Wednesday, February 8, 2012

The Big Lie

So what is the big lie you should be asking yourself?  It is the fact that taking applications from the green screen to the web is easy and/or fast.  All of the software vendors sell this.  Here are some gleaned from their current web pages.

"...provides a wealth of end-user capabilities allowing the developer to rapidly create feature-rich, high performance applications.."

'Rapid application development for multivalue"

Web development can be fast and easy if you are converting or creating a simple screen.  Simple screens it turns out are a significant number of the forms that are done, however, they compromise only 5 to 15 percent of the time of development.

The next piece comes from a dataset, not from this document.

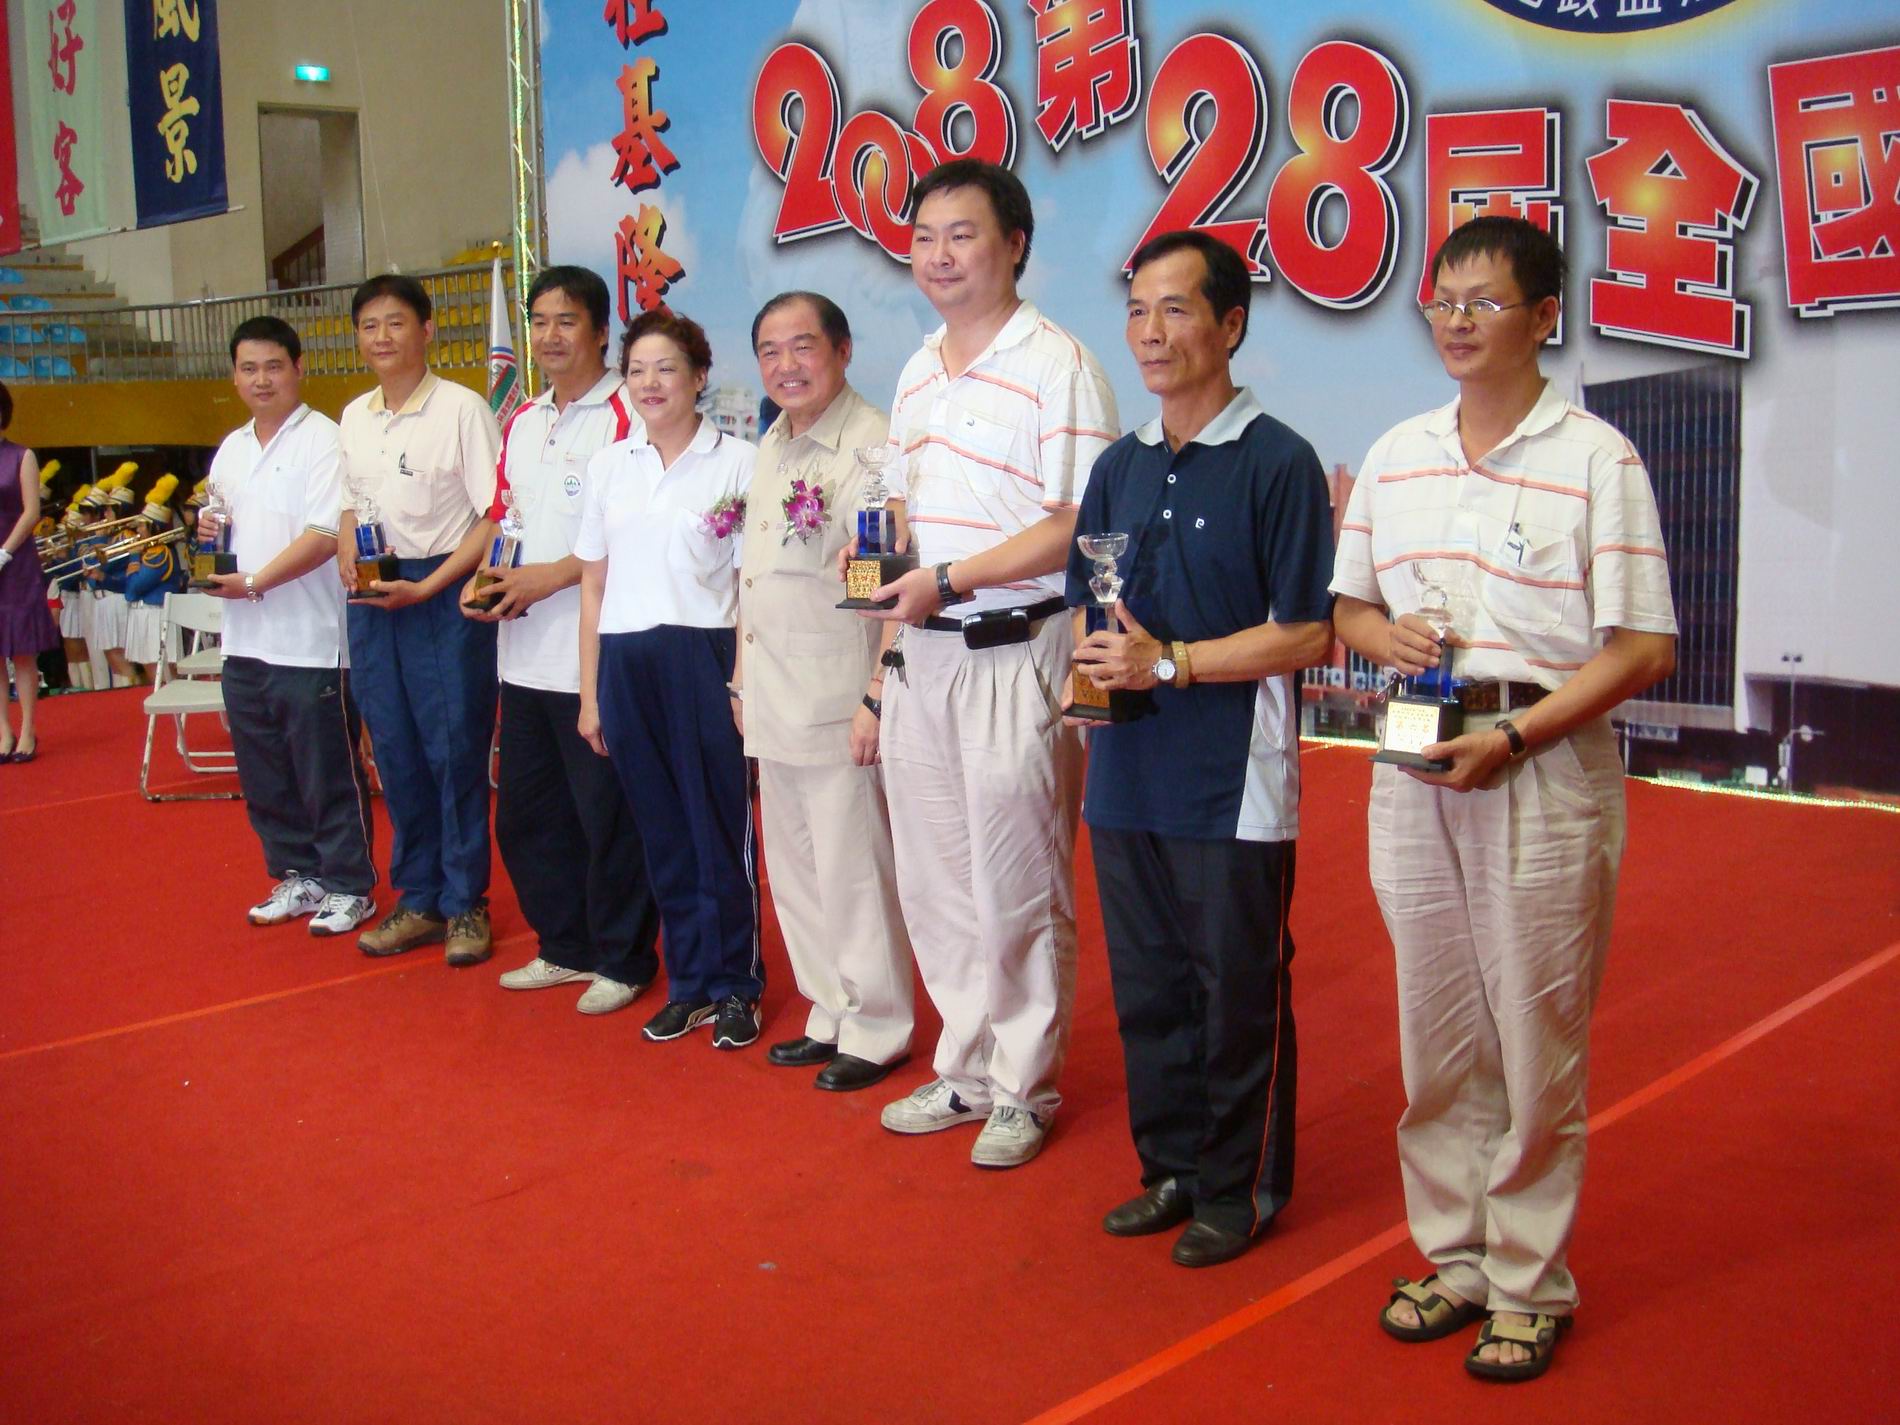 本中心南二隊郭枝明榮獲保齡球個人組男子第五名與市長張通榮合照
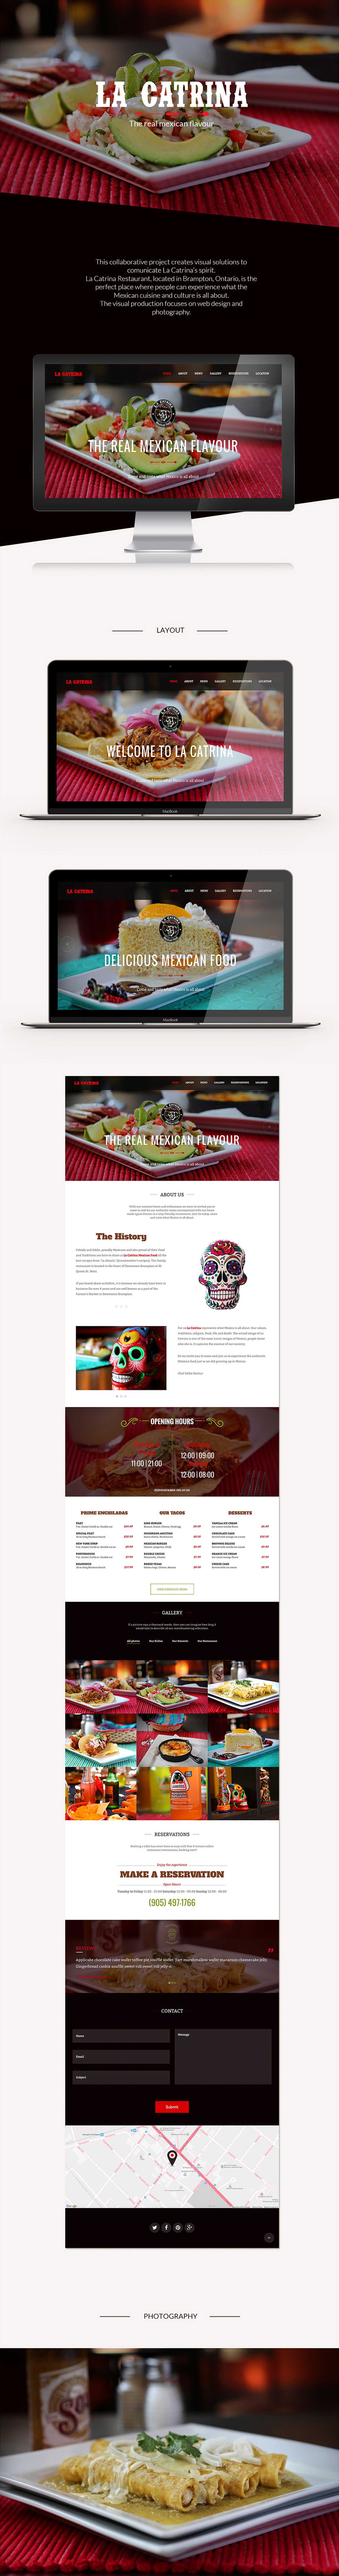 restaurant Web design Mexican Food  la catrina ux UI

Lets talk about normal forms and where the time is spent.  Depending on which tool you use, some of your time is divided in setting up the objects to allow the translation of variables from Universe and Unidata to the web, and designing the form or re-designing the form to fit the web.  The rest of you time is either writing the JavaScript to run the custom features you want and modify or writing from scratch the UniBasic subroutine that handles the business logic.  For example, business logic might be where we are allowed to buy this dollar amount from this vendor or only these particular products.

The last part of Web development that no brochure or web page talks about is debugging the four headed monster you just created.  It is the UniBasic code, JavaScript, HTML, or objects that are causing my form to function unexpectedly.  A good rule of thumb is them more complex the form, the more complex the debugging.

Here is the figure you should use on most Web form development.  For example, if this form took about 20 hours to develop count on 40 to 60 hours to debug, pass quality assurance, and client approval.

BTW: U2logic's XLr8Developer hardly ever uses the word rapid to describe the web development process.  If we do we are speaking of those code file Web entry forms.